Lee W White, BSE, Timothy Kowalewski, PhC, Blake Hannaford, PhD, Thomas S Lendvay, MD FACS. University of Washington, Seattle Childrens Hospital

OBJECTIVE Robotic surgery offers the potential to provide high resolution video and instrument movement data which capture the (technical) non-cognitive aspects of surgery. These data are critical in objectively assessing surgical skill performance and could enable the development of training algorithms to accelerate learning curves. While video information can readily be captured, only a few research centers have access to the instrument data housed within the da Vinci robot’s Application Programming Interface (API). Here we present a hardware and software solution that obviates the need for da Vinci API access during dry, cadaver, and animal lab training: SurgTrak. Our method achieves comparable data (all degrees of freedom of the tool and wrist and camera) to the da Vinci API at a far lower cost and without the intellectual property agreements needed to license API access from Intuitive Surgical. Our hardware and software is highly configurable and because of its design, system modification will not put the robot at risk of damage or cause malfunction.

DESCRIPTION Our system consists of synchronized video and surgical tool motion recording unified by custom software. Video is recorded at up to 30 frames per second from the DVI output of the da Vinci master console using an Epiphan DVI2USB device. Video is encoded using mpeg-4 compression to produce compact, manageable files. Tool motion data is recorded at 30 Hz. Tool position and orientation are captured with a 3D Guidance trakSTAR magnetic tracking system. Grasper and wrist position is recorded by measuring the angular position of the four spindles driving the four tool degrees of freedom. Custom USB-enabled hardware was developed for this task including a set of inexpensive potentiometers that extract absolute spindle angle as well as additional environmental signals such as tool contact. Data streams from the video recording, position recording and wrist signal recording are united using Visual C++ software running on a Windows 7 based laptop computer utilizing the windows multimedia timer to enforce a consistent sampling rate.The addition of the recording equipment is transparent to the surgeon. It requires only one wired connection to each tool and camera. The platform also includes a set of customized plastic fixtures which register tasks to a consistent coordinate system, eliminate potential collisions, and minimize interference artifacts.

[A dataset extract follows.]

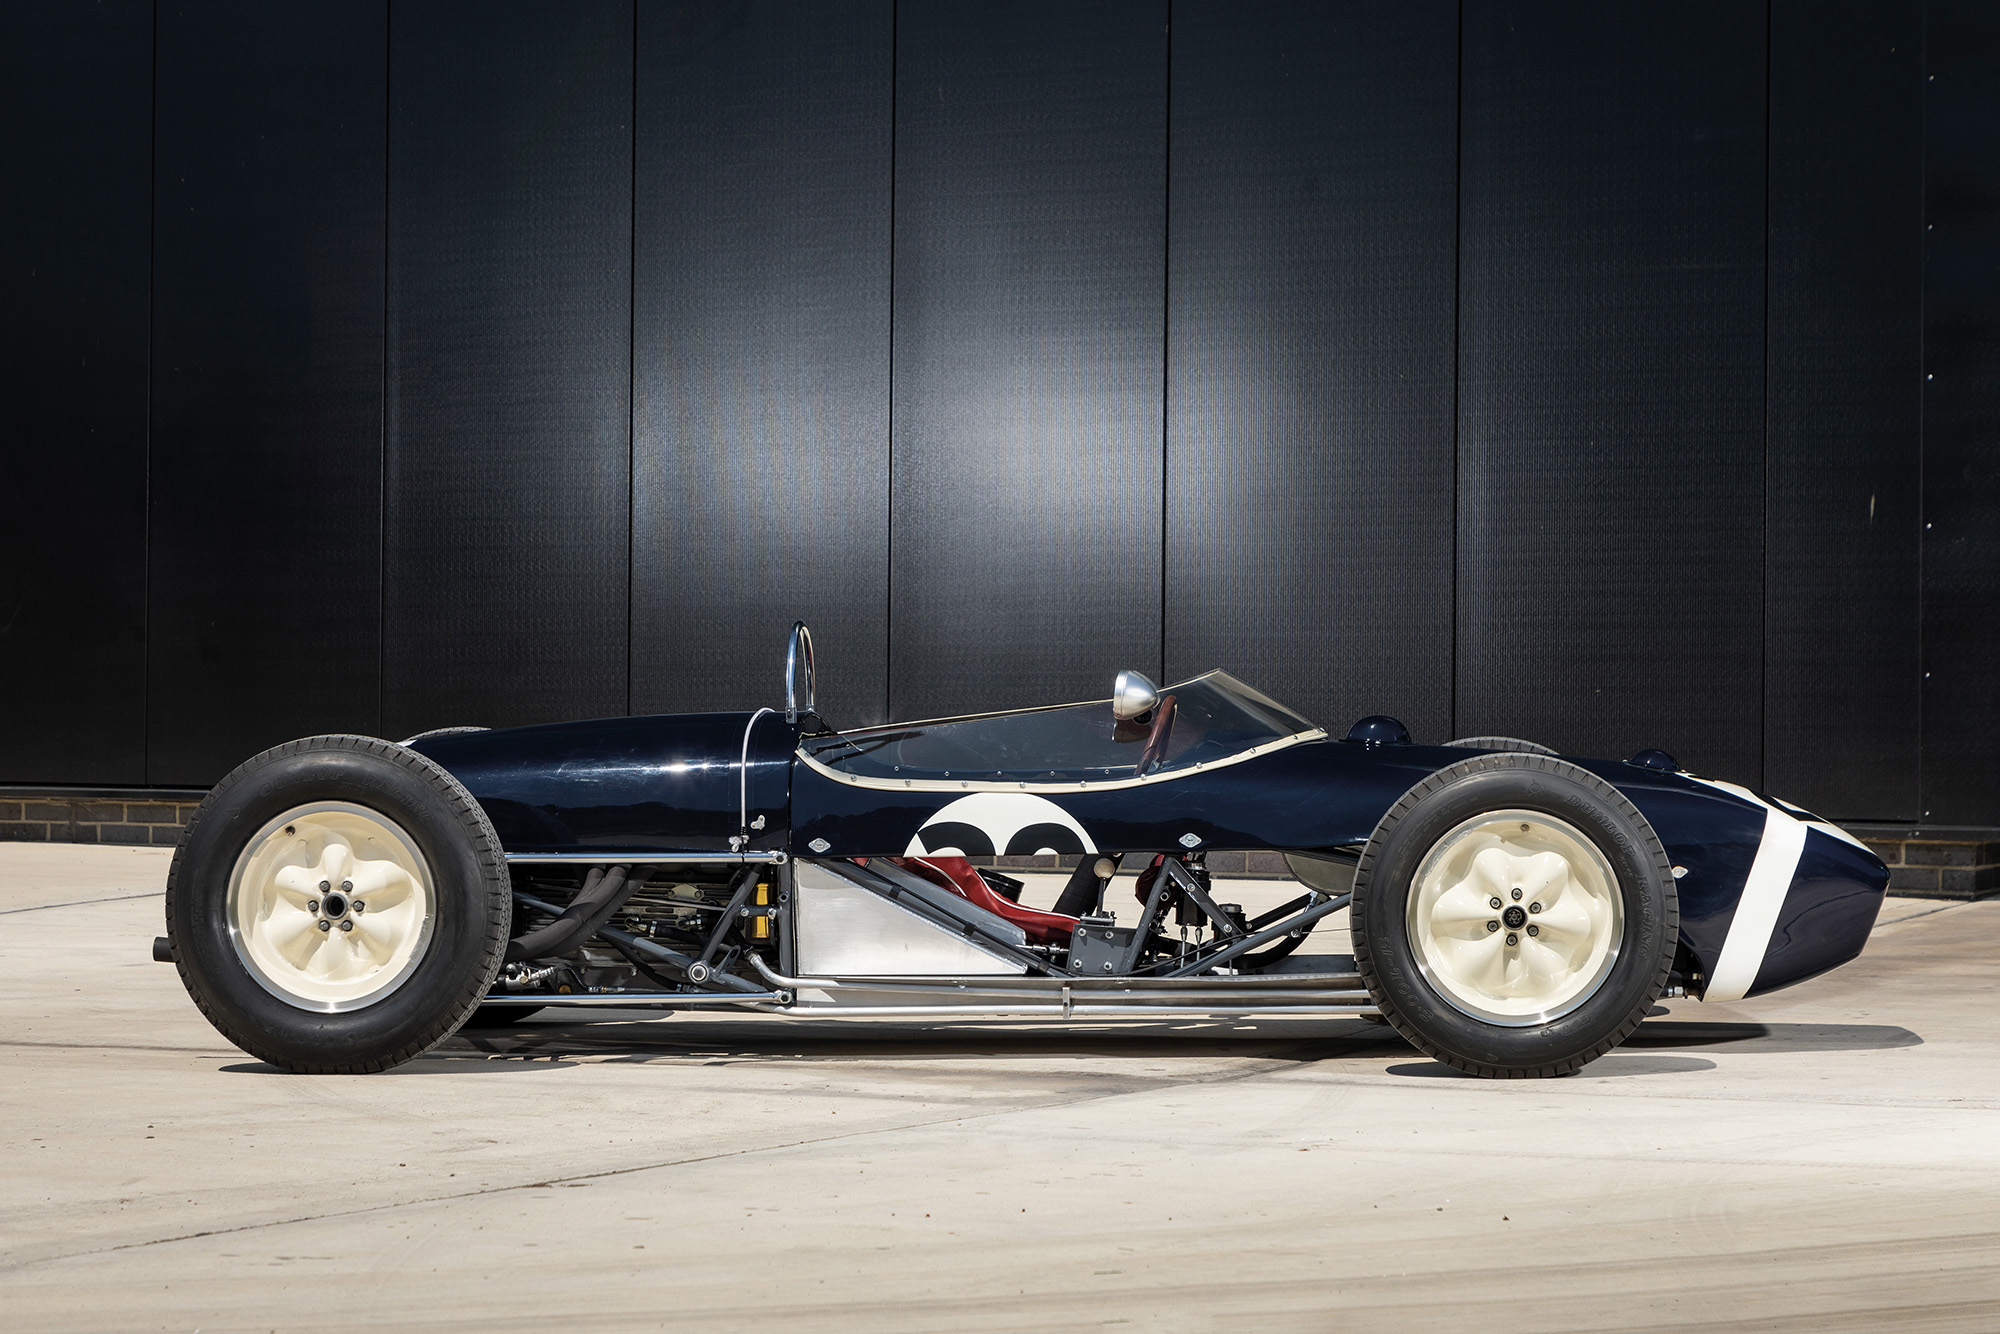 1961 Stirling Moss Monaco winning Lotus 18 side

PRELIMINARY RESULTS SurgTrak is currently employed to validate robotic surgical education curricula. Over 750 iterations of surgery-like tasks have been logged. Figure 1 demonstrates typical results.

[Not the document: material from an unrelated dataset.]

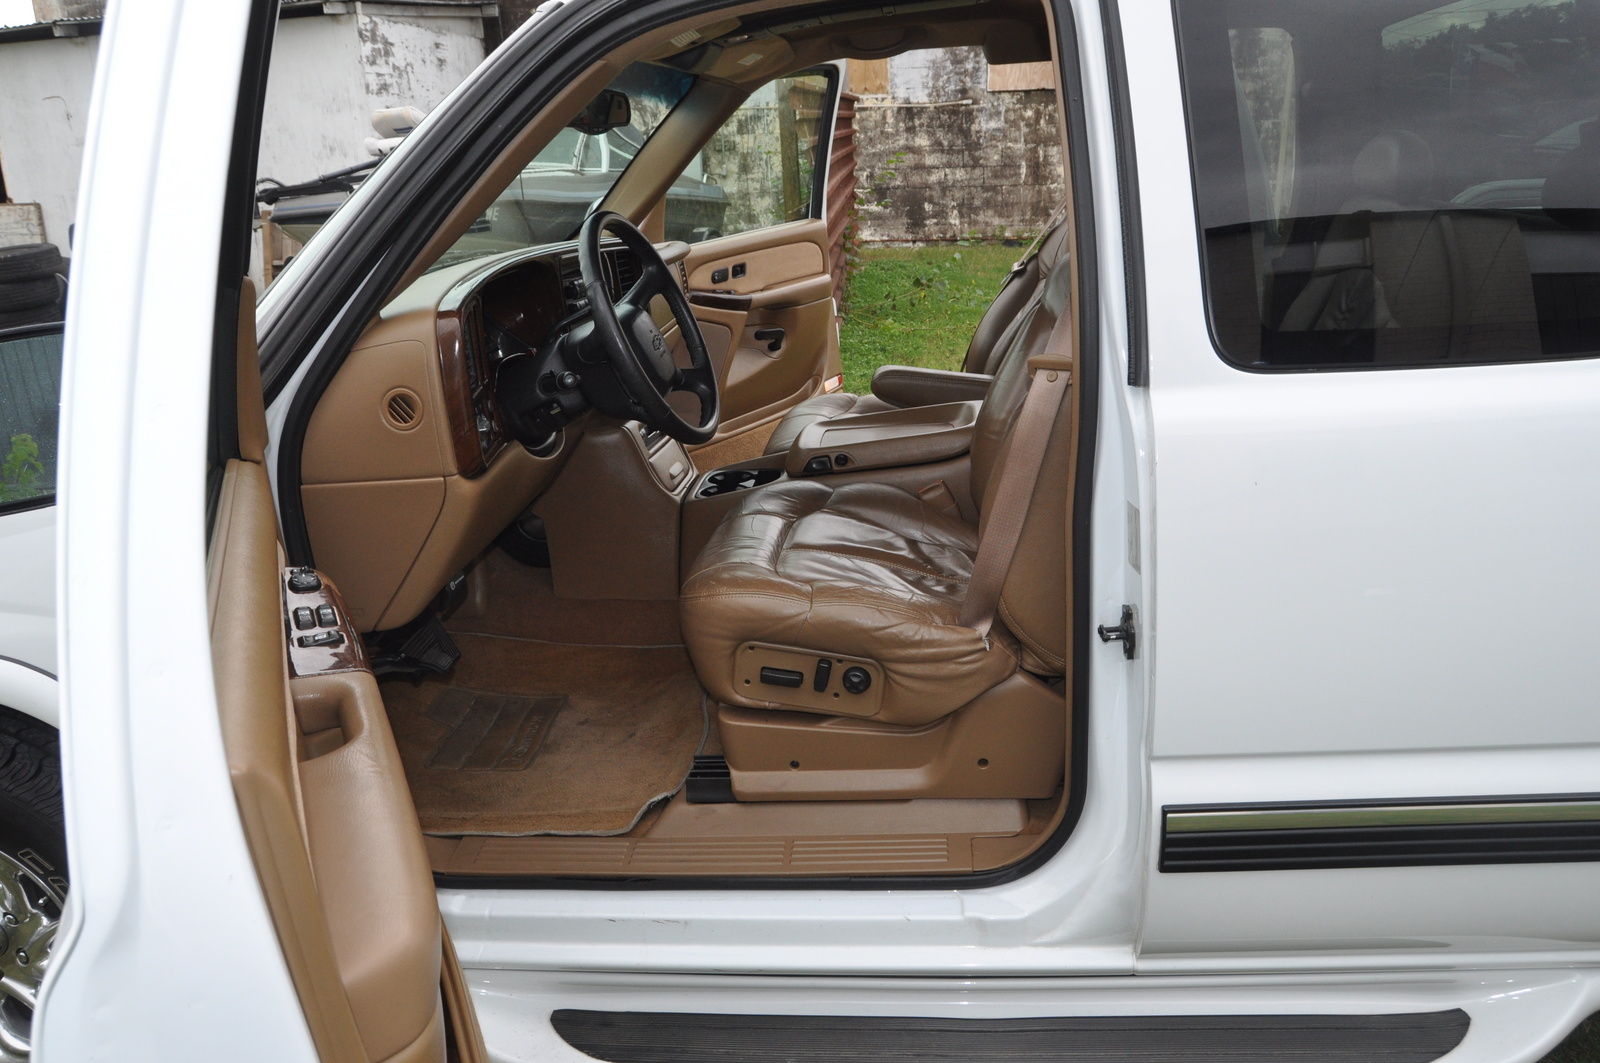 Picture Of 2000 Chevrolet Silverado 1500 Lt Ext Cab Short Bed 2wd Interior

CONCLUSIONS AND FUTURE DIRECTIONS SurgTrak is a novel surgical performance tracking device that promises to expand the ability of clinicians, educators, and researchers to obtain valuable instrument position/angle data linked to real-time video streams from the da Vinci robot without API access. This system addresses the limitations of current subjective video analysis for surgical performance assessment by offering a low cost means of quantifying objective performance metrics used for technical skills training. Moreover, it provides quantitative sciences a means for developing novel, objective skill metrics.

ACKNOWLEDGEMENTS SurgTrak is a result of DoD grant W81XWH-09-1-0714.